(Items from a data source)
::::::

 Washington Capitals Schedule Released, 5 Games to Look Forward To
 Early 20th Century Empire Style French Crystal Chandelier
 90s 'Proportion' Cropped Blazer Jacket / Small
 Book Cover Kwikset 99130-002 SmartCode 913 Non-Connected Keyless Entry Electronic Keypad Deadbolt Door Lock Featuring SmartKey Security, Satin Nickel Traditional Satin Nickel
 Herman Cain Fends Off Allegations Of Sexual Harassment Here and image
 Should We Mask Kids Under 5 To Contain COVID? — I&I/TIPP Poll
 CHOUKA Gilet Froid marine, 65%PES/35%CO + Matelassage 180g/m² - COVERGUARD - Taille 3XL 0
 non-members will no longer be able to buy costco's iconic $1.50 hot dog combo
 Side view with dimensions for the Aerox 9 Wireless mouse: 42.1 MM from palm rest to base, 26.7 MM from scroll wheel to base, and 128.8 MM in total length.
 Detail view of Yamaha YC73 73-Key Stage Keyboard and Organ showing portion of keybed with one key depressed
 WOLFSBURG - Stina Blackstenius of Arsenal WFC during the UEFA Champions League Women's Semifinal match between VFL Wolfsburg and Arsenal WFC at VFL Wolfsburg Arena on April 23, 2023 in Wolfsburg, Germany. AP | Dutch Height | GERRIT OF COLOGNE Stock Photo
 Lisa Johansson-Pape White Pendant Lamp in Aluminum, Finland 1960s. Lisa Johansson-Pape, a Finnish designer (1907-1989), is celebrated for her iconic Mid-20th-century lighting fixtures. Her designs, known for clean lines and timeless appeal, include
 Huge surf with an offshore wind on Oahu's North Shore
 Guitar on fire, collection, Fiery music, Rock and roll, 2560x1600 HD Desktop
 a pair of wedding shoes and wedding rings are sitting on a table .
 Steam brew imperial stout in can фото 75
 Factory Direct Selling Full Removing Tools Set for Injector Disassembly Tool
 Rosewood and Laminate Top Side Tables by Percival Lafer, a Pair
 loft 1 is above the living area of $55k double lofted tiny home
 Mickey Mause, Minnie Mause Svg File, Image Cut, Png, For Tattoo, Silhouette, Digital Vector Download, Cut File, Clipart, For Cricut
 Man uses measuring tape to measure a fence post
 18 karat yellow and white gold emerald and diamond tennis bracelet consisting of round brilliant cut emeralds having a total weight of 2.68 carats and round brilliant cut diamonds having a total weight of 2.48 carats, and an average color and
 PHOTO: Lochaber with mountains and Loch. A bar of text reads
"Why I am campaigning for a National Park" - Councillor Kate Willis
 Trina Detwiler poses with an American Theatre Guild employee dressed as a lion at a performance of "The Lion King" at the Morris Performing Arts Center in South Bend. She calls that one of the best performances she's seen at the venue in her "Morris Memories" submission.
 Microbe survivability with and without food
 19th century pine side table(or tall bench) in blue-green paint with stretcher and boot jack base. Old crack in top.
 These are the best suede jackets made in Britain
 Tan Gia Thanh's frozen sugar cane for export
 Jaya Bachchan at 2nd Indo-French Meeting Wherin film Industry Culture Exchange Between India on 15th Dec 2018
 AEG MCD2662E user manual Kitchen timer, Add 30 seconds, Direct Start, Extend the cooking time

::::::

INSTRUCTIONS FOR THE TASK | The required output is the stretch of entries above from the line containing "90s 'Proportion' Cropped" through the line containing "WOLFSBURG - Stina", reproduced exactly.

TASK RESPONSE |
 90s 'Proportion' Cropped Blazer Jacket / Small
 Book Cover Kwikset 99130-002 SmartCode 913 Non-Connected Keyless Entry Electronic Keypad Deadbolt Door Lock Featuring SmartKey Security, Satin Nickel Traditional Satin Nickel
 Herman Cain Fends Off Allegations Of Sexual Harassment Here and image
 Should We Mask Kids Under 5 To Contain COVID? — I&I/TIPP Poll
 CHOUKA Gilet Froid marine, 65%PES/35%CO + Matelassage 180g/m² - COVERGUARD - Taille 3XL 0
 non-members will no longer be able to buy costco's iconic $1.50 hot dog combo
 Side view with dimensions for the Aerox 9 Wireless mouse: 42.1 MM from palm rest to base, 26.7 MM from scroll wheel to base, and 128.8 MM in total length.
 Detail view of Yamaha YC73 73-Key Stage Keyboard and Organ showing portion of keybed with one key depressed
 WOLFSBURG - Stina Blackstenius of Arsenal WFC during the UEFA Champions League Women's Semifinal match between VFL Wolfsburg and Arsenal WFC at VFL Wolfsburg Arena on April 23, 2023 in Wolfsburg, Germany. AP | Dutch Height | GERRIT OF COLOGNE Stock Photo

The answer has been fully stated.